Больное сиянье постели. Истома.

За смеженными веками непрестанный танец золотых снежинок, точек, атомов, звезд.

Куда опускаются звезды? С улыбкой смеркается слава. Лицо беззащитно темнеет, спускаясь куда-то средь звезд.

Смеркаться, сходить, обнажаться. Лишаться защиты и памяти. Черты распрямляются.

Брови не так уже накрепко сжаты. Лицо. Ты можешь быть, наконец, прекрасным, ибо никто тебя больше не видит. Ибо ты уже не видишь себя, ибо скоро увидишь ты свой первый сон.

Ты спишь, Безобразов, смеркается слава твоего неподвижного взгляда. Но ты еще не покинул земли. Туманно и глухо к тебе долетают голоса собеседников. Но ты еще слышишь их. Хотя, может быть, ты видишь их во сне. Глубже холод подушек. Ярче мерцанье эфира, все ясно на миг засыпающим. Они от всего отделяются. Их сон уже совсем о другом. Тише, я как будто опять просыпаюсь. Я слышу соседние жизни. Кто эти люди?

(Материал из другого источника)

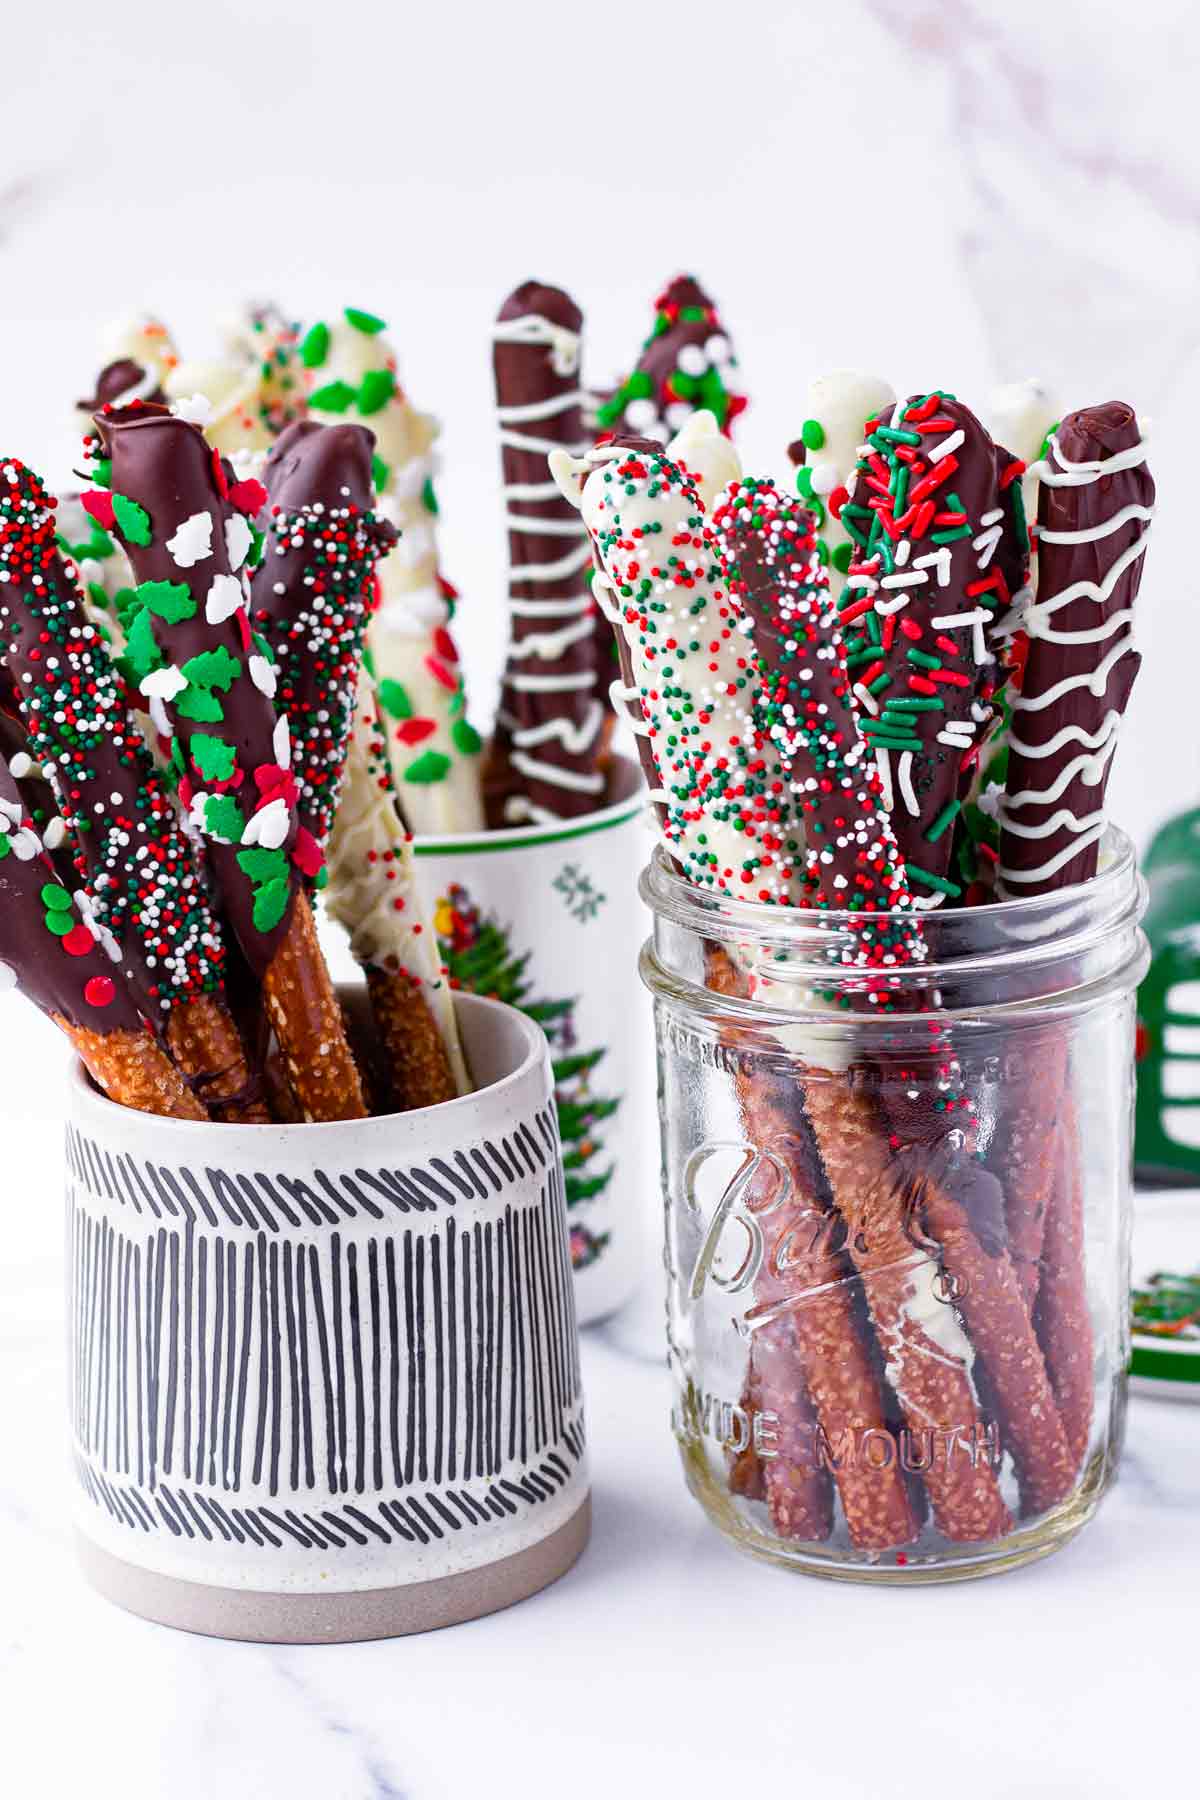 assorted chocolate covered pretzel rods with Christmas decorations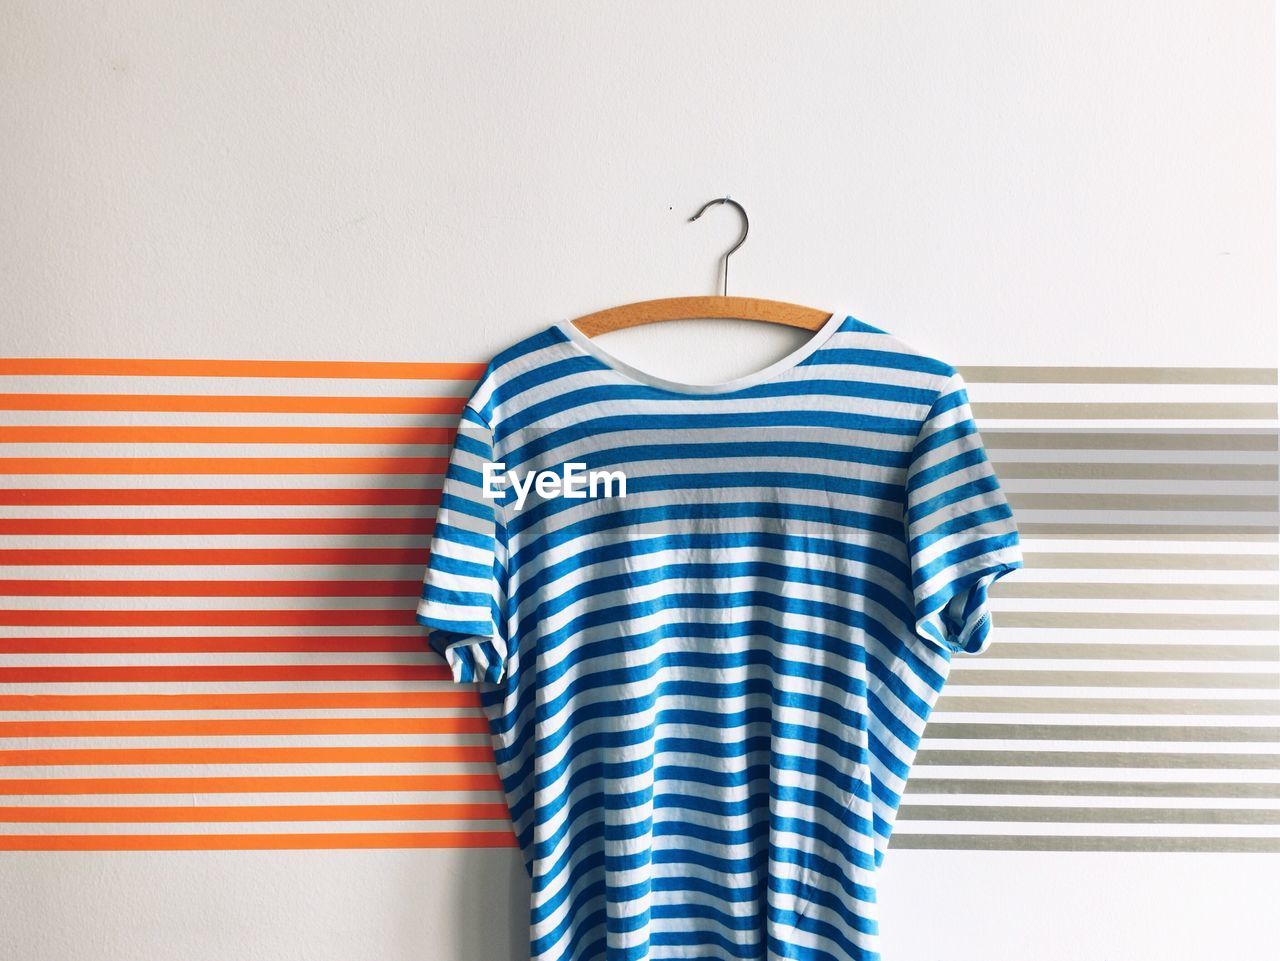 Striped t-shirt hanging on coathanger against patterned wall

Как параллельные нити, как проволоки из окна поезда, как ответные голоса в тумане. Почему они именно? Почему с ними на земле? Почему на земле? Так есть, так было все время. Может быть, уже было давно, и сейчас только сон о прошедшем.

Параллельные рельсы. Долго-долго за снегом сверканье огней параллельных вагонов.

И вдруг раздвоенье путей, поворот, красная точка, снег.

Где вы, любимые прежде? Молчание… Они никогда не услышат. Звездный снег за окном, заглухающий стук паровоза. Да и где это было, и было ли?

Где этот город, где описан он в сказках? Бесконечные темные улицы, дома, заслоняющие небо, полное неподвижных звезд. И снова дождь. Где-то внизу горят фонари. Бледный человек, отодвинув занавеску, внимательно смотрит на часы в луче фонаря. Скоро ему уходить на работу.

Всю ночь внизу горит свет. Кто-то ворочается за стеною, скрипит кроватью, бредит.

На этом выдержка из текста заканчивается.